Two key issues arise when using this research design to explore bias caused by poor linkage quality. Firstly, the approach focusses only on false negative errors (records which incorrectly did not find a match) and does not consider the issue of false positive errors, an equally important type of linkage error. By only reporting on one of the two error types, we cannot gain an accurate understanding of the relationship between linkage quality and sociodemographic factors.
A second and more fundamental problem in comparing sociodemographic subgroups using this methodology is that we often cannot distinguish whether an individual is unmatched due to linkage quality error, or due to the fact that these matched records do not exist.

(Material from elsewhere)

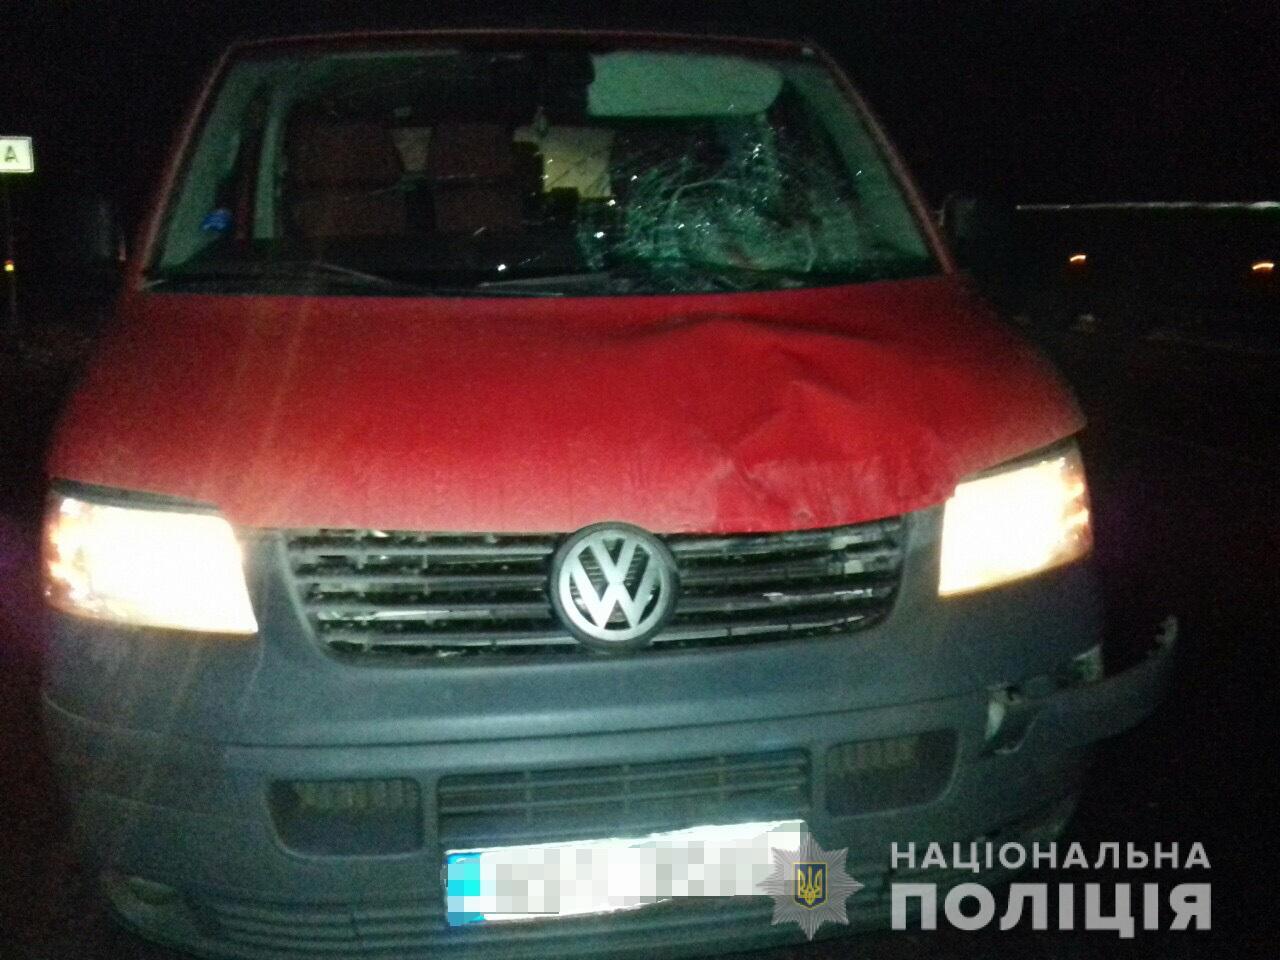 Кровавый след на лобовом: В Закарпатье случилось ДТП с летальным исходом
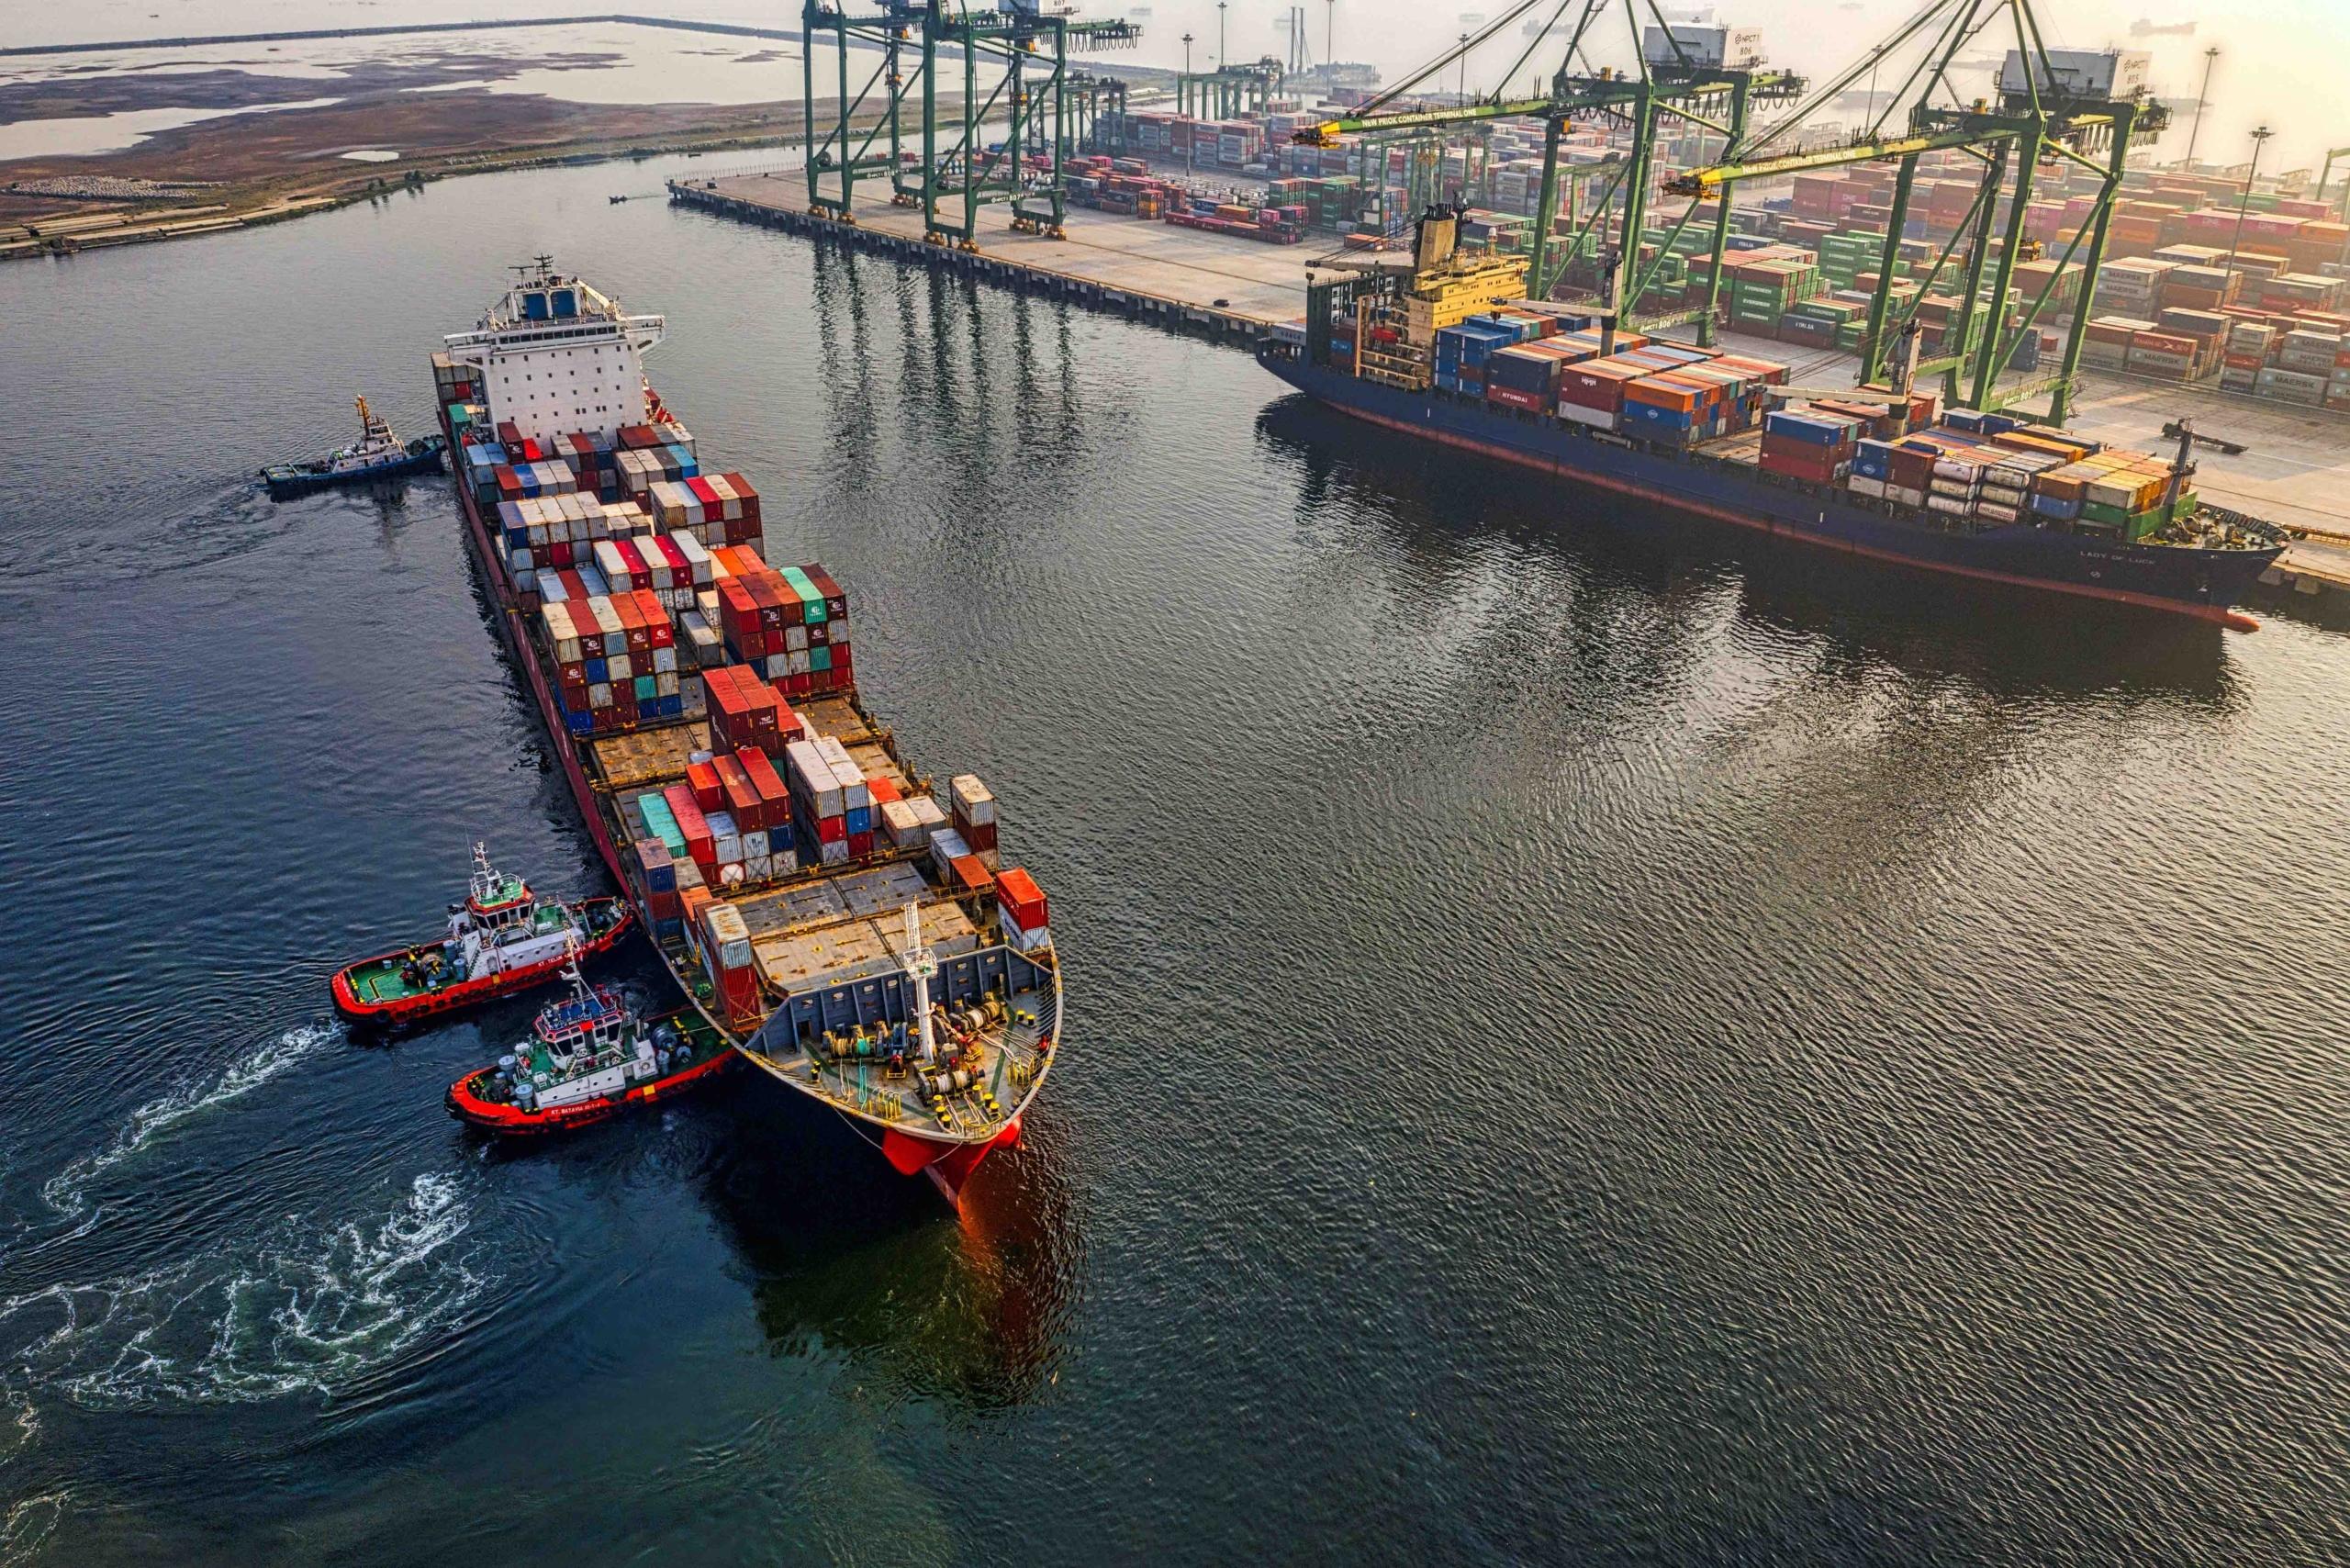 Partial shipping

In many of these cases, differences in linkage bias arise from differences in subgroup data capture. Such differences can be expected to be highly dataset dependent. For example, in a recent US study linking a clinical surgical registry to US Medicare inpatient claims, the unmatched individuals in the clinical surgical registry were more likely to be those who did not have coverage under Medicare, rather than individual whose correct match could not be found [25]. Consequently, differences in matched and unmatched individuals likely reflect the demographics of those who are/are not covered under Medicare. Similarly, in a linkage of a survey cohort to a maternity registry, unmatched records were typically the result of individuals moving outside of the maternity registry catchment area, rather than the result of errors in the linkage process [22]. As such, any found bias is more likely to reflect the different demographics of individuals who emigrate, rather than reflect linkage quality issues.
In this paper, we attempt to address these methodological shortcomings through the use of an alternate research design. Four large, real-world Australian administrative datasets were de-duplicated, with results and compared to an available ‘truth-set’, allowing comparison of both false positive and false negative errors.